In the aftermath of the devastating Twelve-Day War in June 2025, Iranian Intelligence Minister Esmaeil Khatib made a striking claim that captured international attention: more than fifty foreign intelligence services had provided direct support to Israel during the conflict. Speaking during an official visit to Iran’s southwestern Chaharmahal and Bakhtiari province in October 2025, Khatib characterized this coalition as an “intelligence NATO” that coordinated efforts to destabilize Iran through hybrid warfare encompassing military attacks, psychological operations, cyber warfare, and media campaigns.
His statement came against the backdrop of the Twelve Day War that began on June 13, 2025, when Israel launched surprise attacks on Iranian military and nuclear facilities, killing over 1,000 Iranians. Iran responded with “Operation True Promise 3,” involving twenty-two waves of missile strikes and over 550 ballistic missiles targeting Israeli territory. The United States intervened on June 22 with B-2 bomber strikes on Iranian nuclear sites before a ceasefire was brokered on June 24.
Khatib’s claims, while potentially inflated, align remarkably well with patterns this author previously documented in “The Illusion of Israeli Self-Sufficiency in Intelligence,” which exposed how Israel’s most celebrated operations relied on cooperation with the CIA, NSA cyberwarfare expertise, European intelligence networks, and covert collaboration with Arab regimes. As that analysis demonstrated, Israel’s intelligence empire survives not through independence but through reliance on Western logistics, intelligence sharing, and political approval.

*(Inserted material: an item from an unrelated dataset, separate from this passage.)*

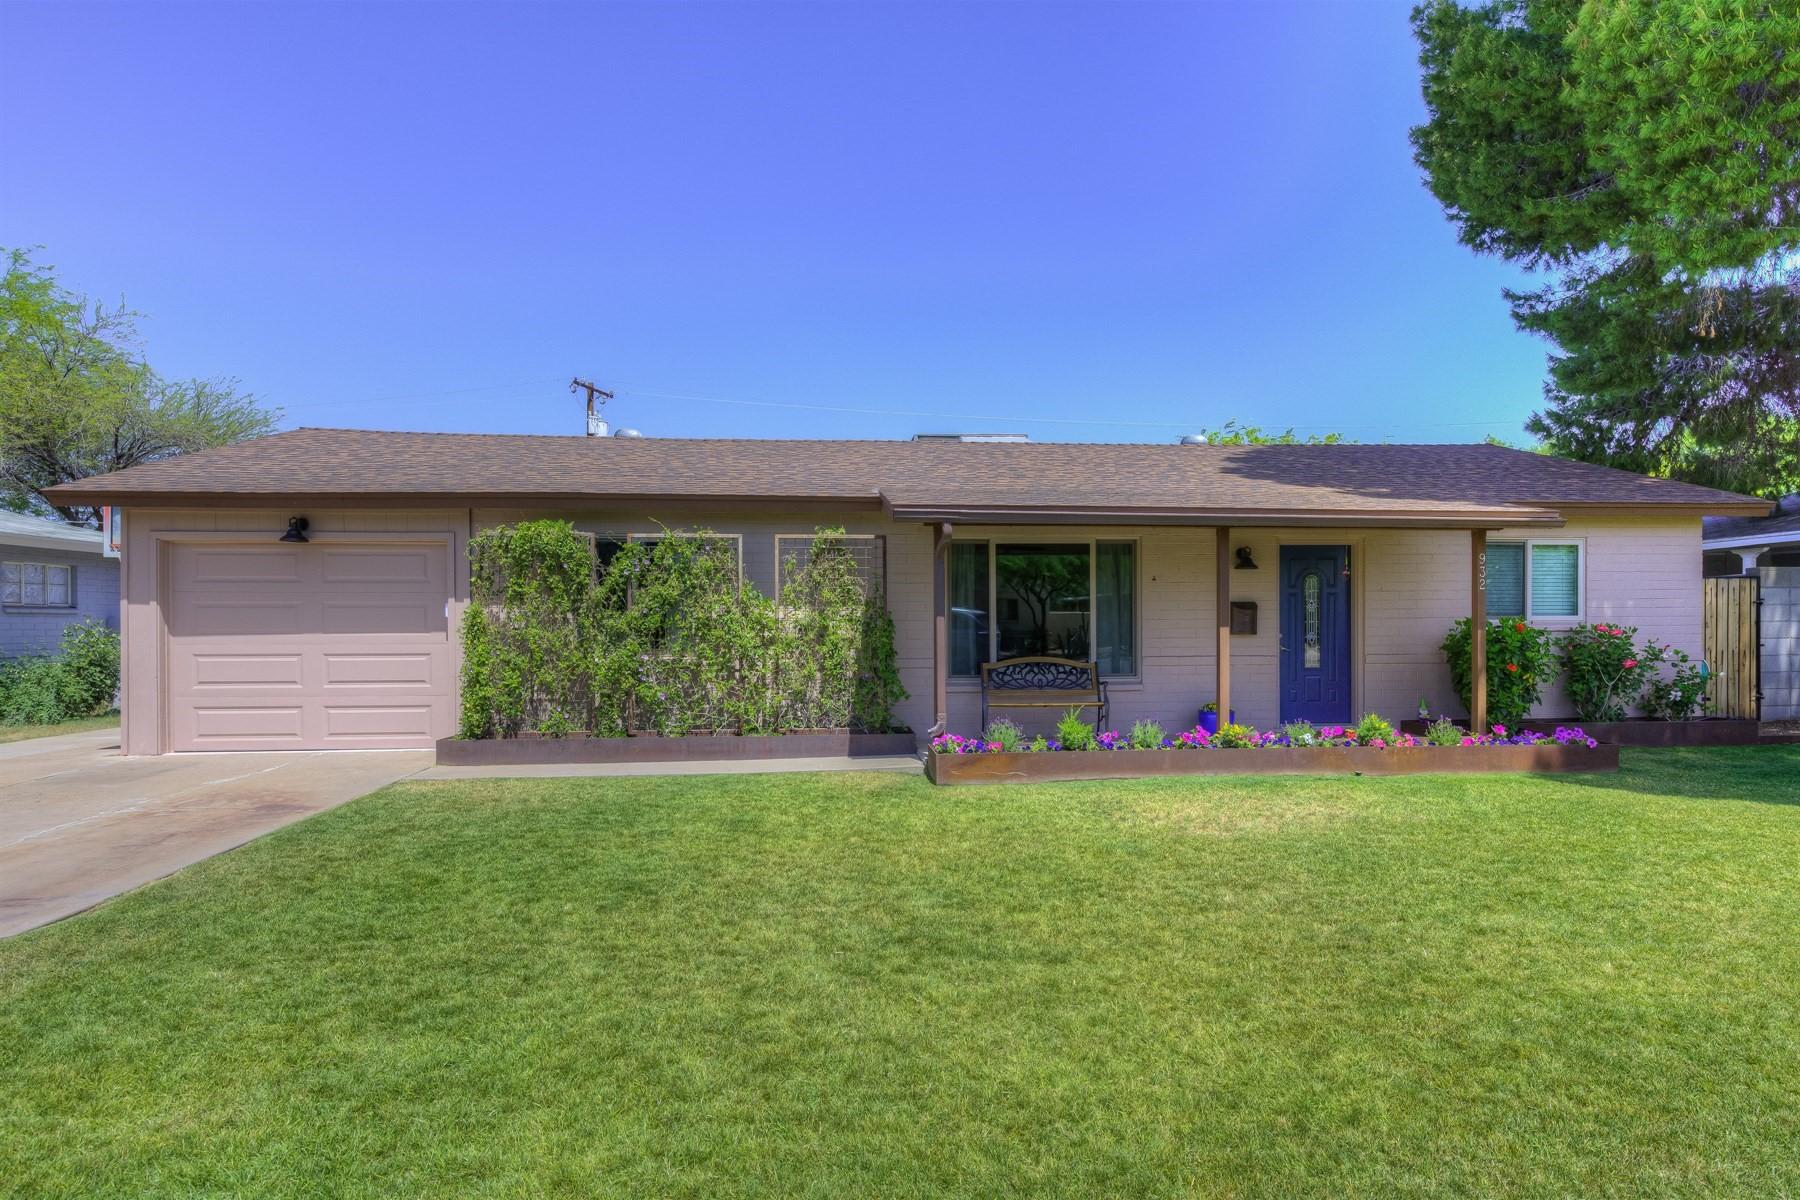 Частный односемейный дом для того Продажа на Cozy Central Corridor charmer located in Phoenix 932 E San Miguel Ave Phoenix, Аризона, 85014 Соединенные Штаты

The foundation of this multinational intelligence cooperation traces back decades. According to research covered by Israeli investigative journalists, the Berne Club—a secret European intelligence alliance founded in 1969—provided crucial support for Israel’s assassination campaign following the 1972 Munich Olympics massacre. Through an encrypted communication system called “Kilowatt,” thousands of cables were exchanged among eighteen Western intelligence services, functioning as a secret clearinghouse for raw intelligence containing the locations of safe houses, vehicle registrations, the movements of high-value targets, and analytical assessments.
The core of Israel’s intelligence support network begins with the United States and extends through the Five Eyes alliance. The CIA-Mossad relationship dates to the early 1950s, with leaked documents revealing that the NSA shares intelligence with Israel’s Unit 8200 through a formal agreement. Following the October 7, 2023 Hamas attacks, “US intelligence dispatched a special unit to assist the IDF in the war in Gaza and established intelligence-sharing channels with Israel to help locate top Hamas commanders,” according to a report by The Conversation. During Israel’s June 2025 strikes on Iran, the United States joined the operation directly with B-2 bomber strikes.
The United Kingdom maintains similarly close cooperation. GCHQ documents reveal Britain “cooperating very closely with Israel.’ DeClassified UK reported that between 2023-2024, “the RAF conducted 518 surveillance flights over Gaza from Cyprus’s RAF Akrotiri, supplying real-time intelligence to Israeli forces.”
European nations have provided extensive intelligence infrastructure supporting Israeli operations. Germany announced this past summer plans to strengthen cooperation on cyber defense, with Interior Minister Alexander Dobrindt outlining a five-point plan for establishing a “Cyber Dome” including “establishing a joint German-Israel cyber research center.”